__Prompt__.
Go to the line containing "Cập nhật BCTC" in the records below and print it and every following line exactly, on through the line containing "Cowboystiefel mit Blumen", then stop.

--- Source data ---

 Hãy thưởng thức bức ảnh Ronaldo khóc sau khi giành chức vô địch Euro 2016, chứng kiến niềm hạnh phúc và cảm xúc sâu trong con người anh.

---
--- Source data ---

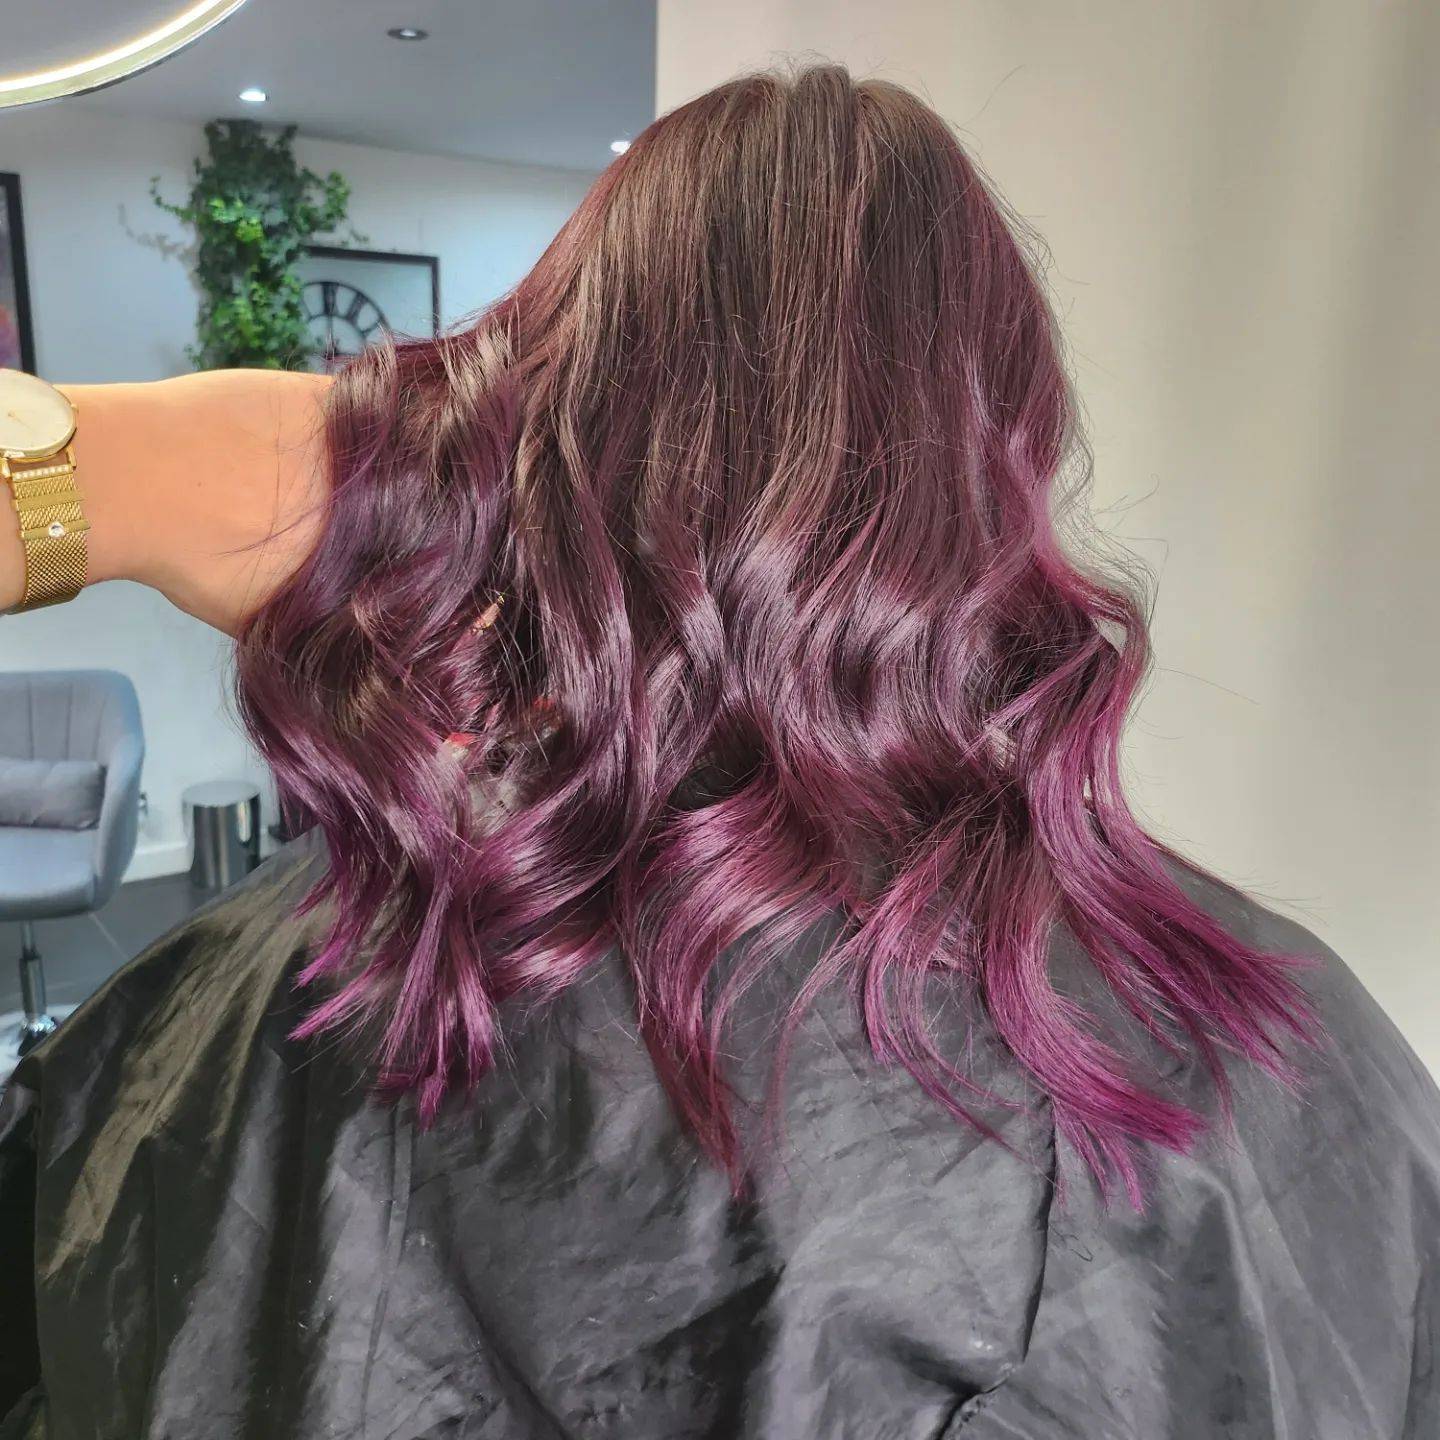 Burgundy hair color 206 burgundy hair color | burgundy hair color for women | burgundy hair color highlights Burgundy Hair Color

---
--- Source data ---

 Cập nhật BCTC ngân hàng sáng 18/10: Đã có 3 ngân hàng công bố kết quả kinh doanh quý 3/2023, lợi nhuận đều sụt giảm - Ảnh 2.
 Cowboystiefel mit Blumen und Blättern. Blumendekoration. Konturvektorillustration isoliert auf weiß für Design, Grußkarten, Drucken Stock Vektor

---

__Answer space__.
 Cập nhật BCTC ngân hàng sáng 18/10: Đã có 3 ngân hàng công bố kết quả kinh doanh quý 3/2023, lợi nhuận đều sụt giảm - Ảnh 2.
 Cowboystiefel mit Blumen und Blättern. Blumendekoration. Konturvektorillustration isoliert auf weiß für Design, Grußkarten, Drucken Stock Vektor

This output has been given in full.